L’autonomie de l’action ut singuli par rapport à celle de la société

Antoine DUMONT

Dans un arrêt du 7 mai 2025, la Cour de cassation affirme l’autonomie de l’action ut singuli : celle-ci n’est pas un droit d’action subsidiaire ouvert aux associés d’une société en cas de carence de celle-ci dans la défense de ses intérêts.

Source : Cass. Com., 7 mai 2025, 23-15.931, publié au bulletin

I – 

A la suite de différentes expertises ordonnées par le juge des référés, les associés d’une SARL forment assignation à l’encontre d’une ancienne gérante et d’une SCI dans laquelle cette dernière était associée.

Les associés en question se voient déclarer irrecevables par une cour d’appel en leur demande de condamnation fondée sur l’action ut singuli au motif que les associés ont agi pour le compte de la société en même temps que cette dernière et afin de solliciter l’indemnisation du même préjudice. La cour d’appel a en effet considéré que les associés ne justifiaient d’aucun intérêt à agir en réparation d’un préjudice déjà sollicité par la société victime.

On rappellera que l’action ut singuli permet à l’associé d’une société d’agir pour le compte de la société en réparation du préjudice commis par les dirigeants. Concernant les SARL, l’action ut singuli est prévue à l’alinéa 3 de l’article L223-22 du Code de commerce :

« Outre l’action en réparation du préjudice subi personnellement, les associés peuvent, soit individuellement, soit en se groupant dans les conditions fixées par décret en Conseil d’Etat, intenter l’action sociale en responsabilité contre les gérants. Les demandeurs sont habilités à poursuivre la réparation de l’entier préjudice subi par la société à laquelle, le cas échéant, les dommages-intérêts sont alloués. »

En d’autres termes, la cour d’appel considérait que l’action ut singuli était subsidiaire et ouverte aux associés en cas de carence de la société pour agir dans la défense de ses intérêts.
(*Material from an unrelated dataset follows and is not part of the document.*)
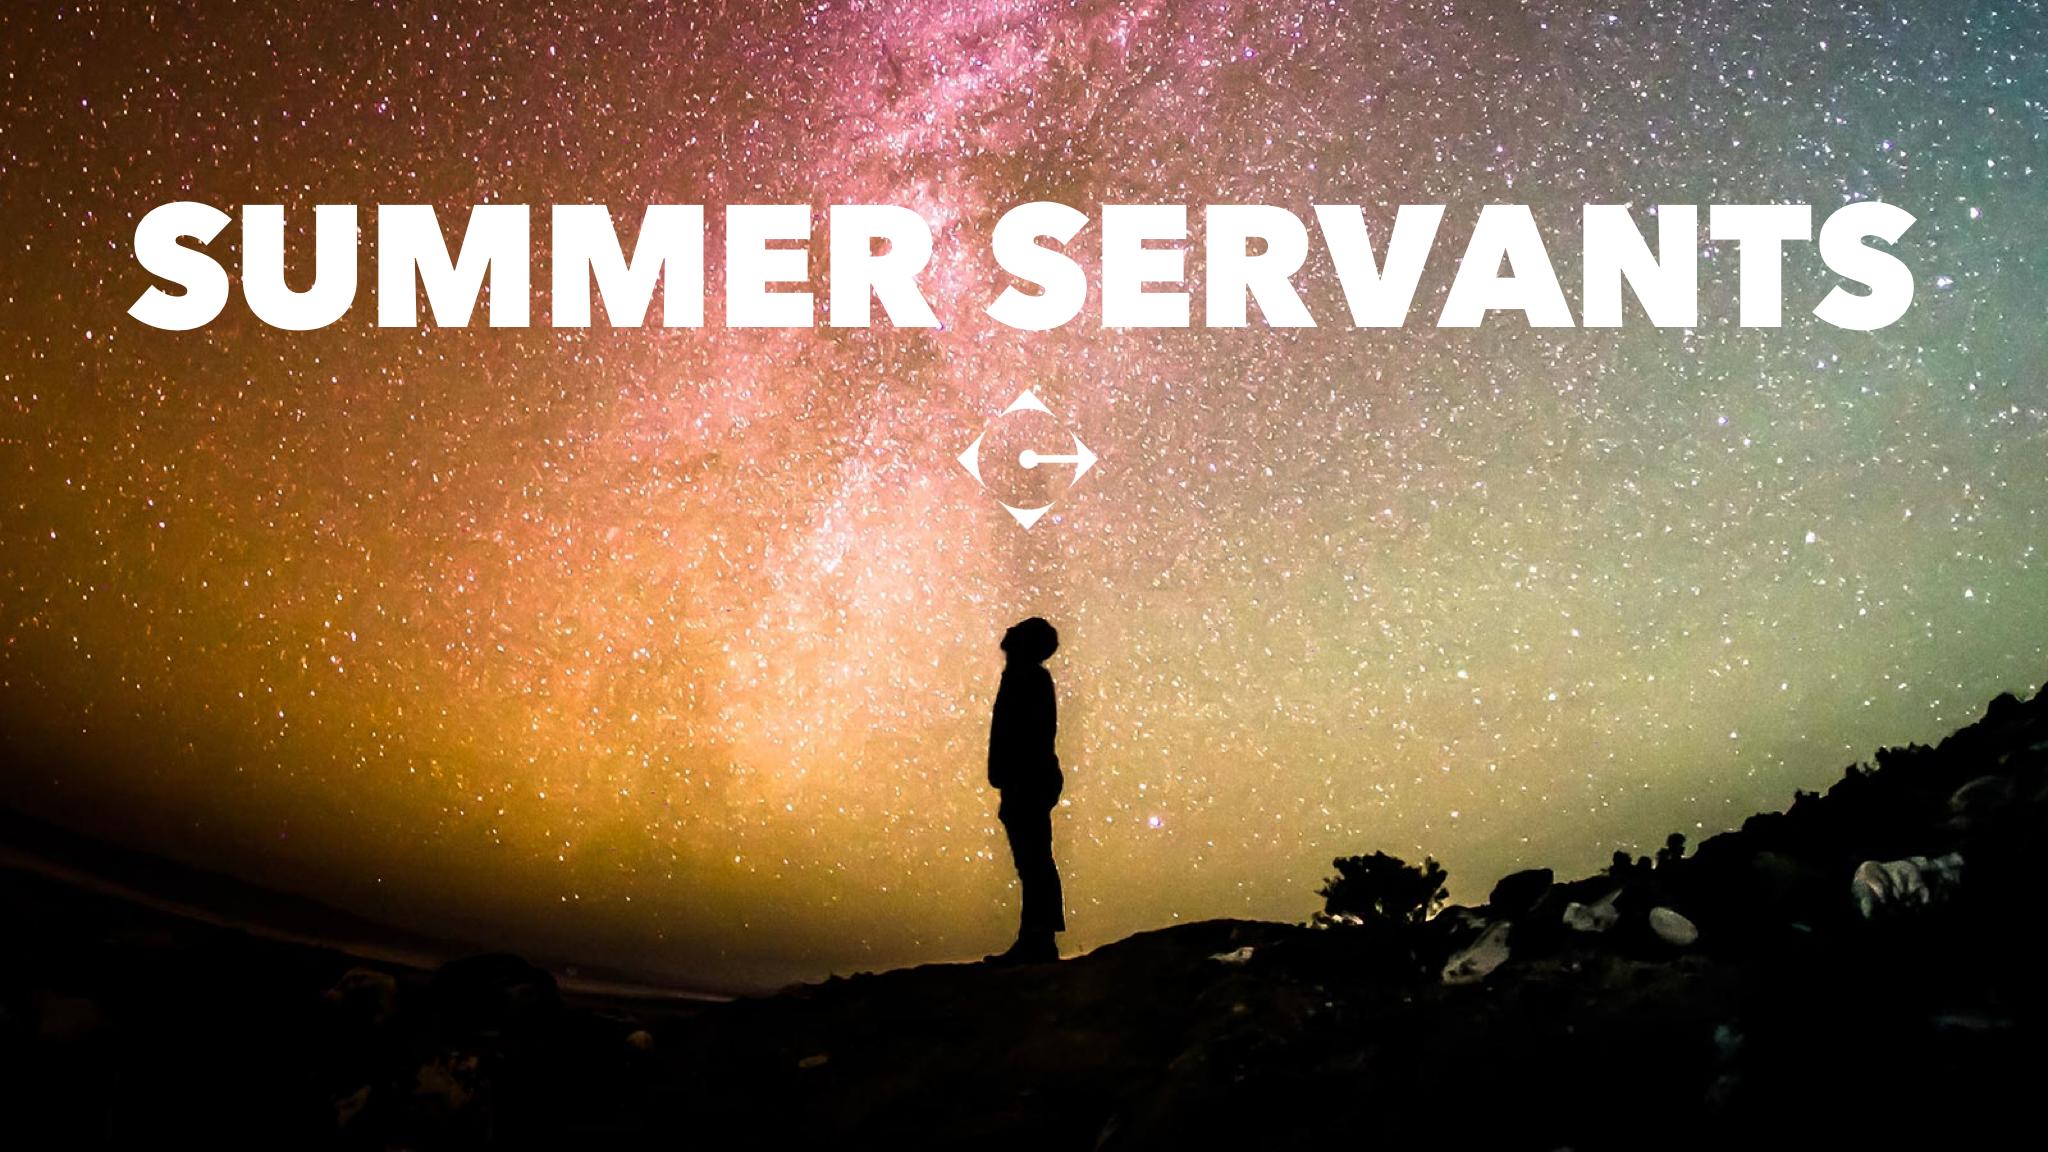 SummerServantsLogo
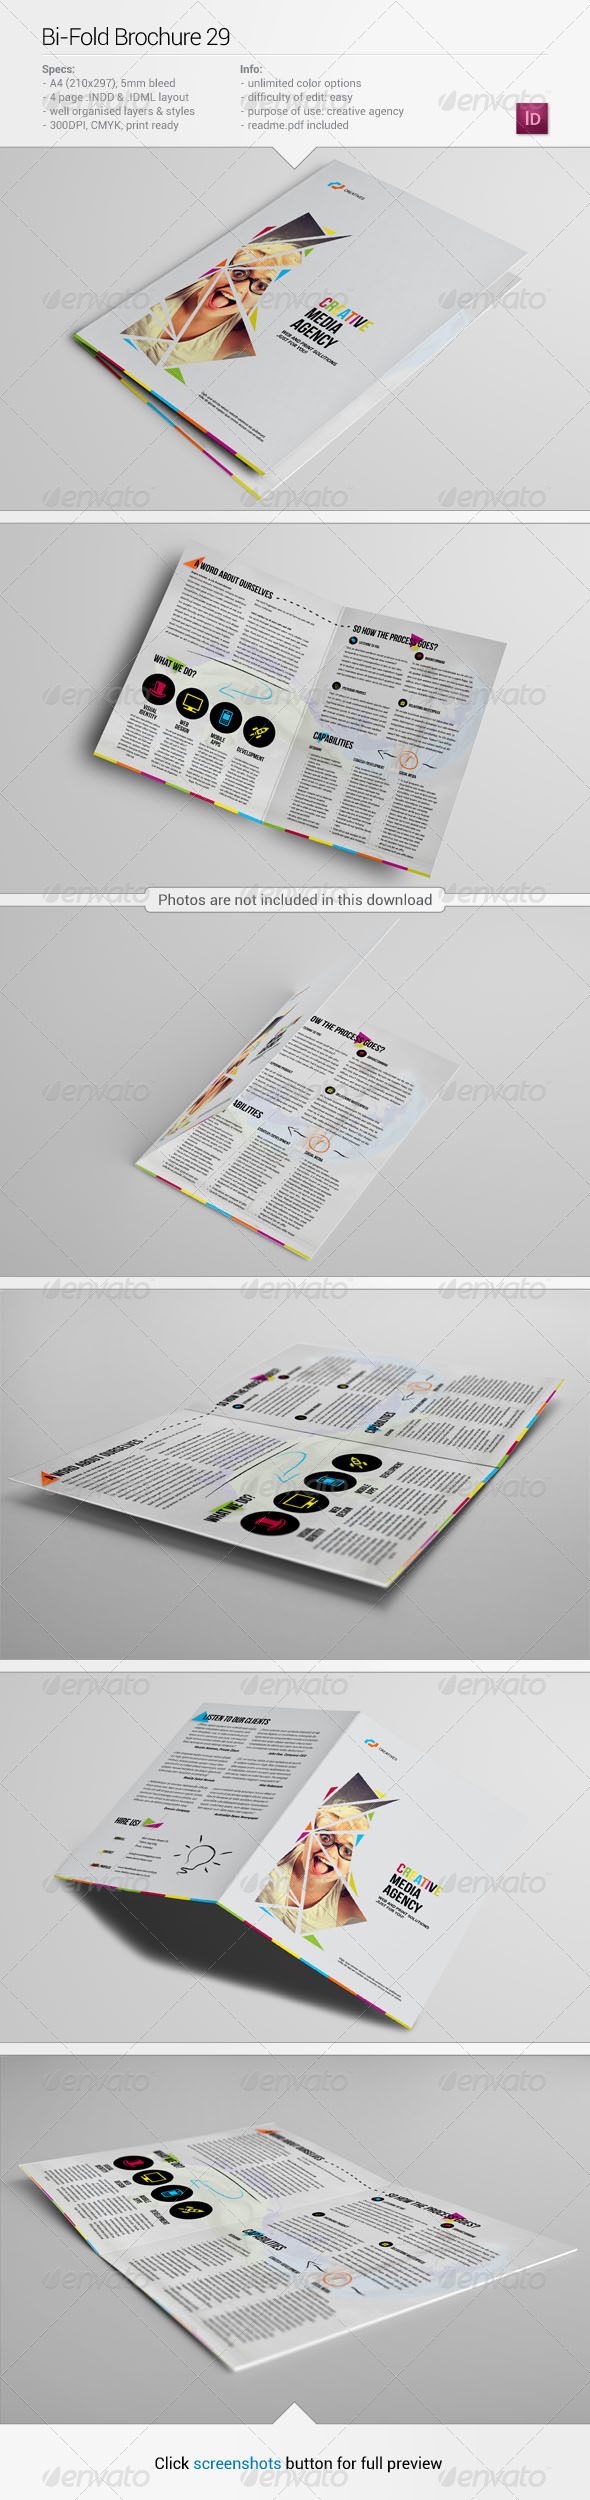 GraphicRiver Bi-Fold Brochure 29 5830433

En l’espèce, la société avait également assigné.

La Cour de cassation ne suit pas le raisonnement de la cour d’appel et casse l’arrêt.

II –

Au visa de l’article du Code de commerce précité et de l’article 31 du Code de procédure civile, la Haute Cour fait de l’action ut singuli un droit propre à chaque associé d’une société : « les associés sont investis d’un droit propre d’agir en réparation du préjudice subi par la société, lequel n’est pas affecté par l’exercice concomitant de son action par la société. »

Le fait que la société elle-même agisse en réparation d’un préjudice qu’elle a subi n’est donc pas de nature à faire disparaitre le droit et l’intérêt à agir de chaque associé de défendre les intérêts de la société.

L’inaction de la société ne subordonne donc pas l’action ut singuli et n’est pas un prérequis, elle est un droit autonome de chaque associé.

Cette clarification va à l’encontre de la conception selon laquelle l’action ut singuli présentait un caractère subsidiaire[1] mais permettra d’accroître la protection des associés, ceux-ci n’étant pas à l’abri par exemple d’un mauvais exercice du droit d’action de la société.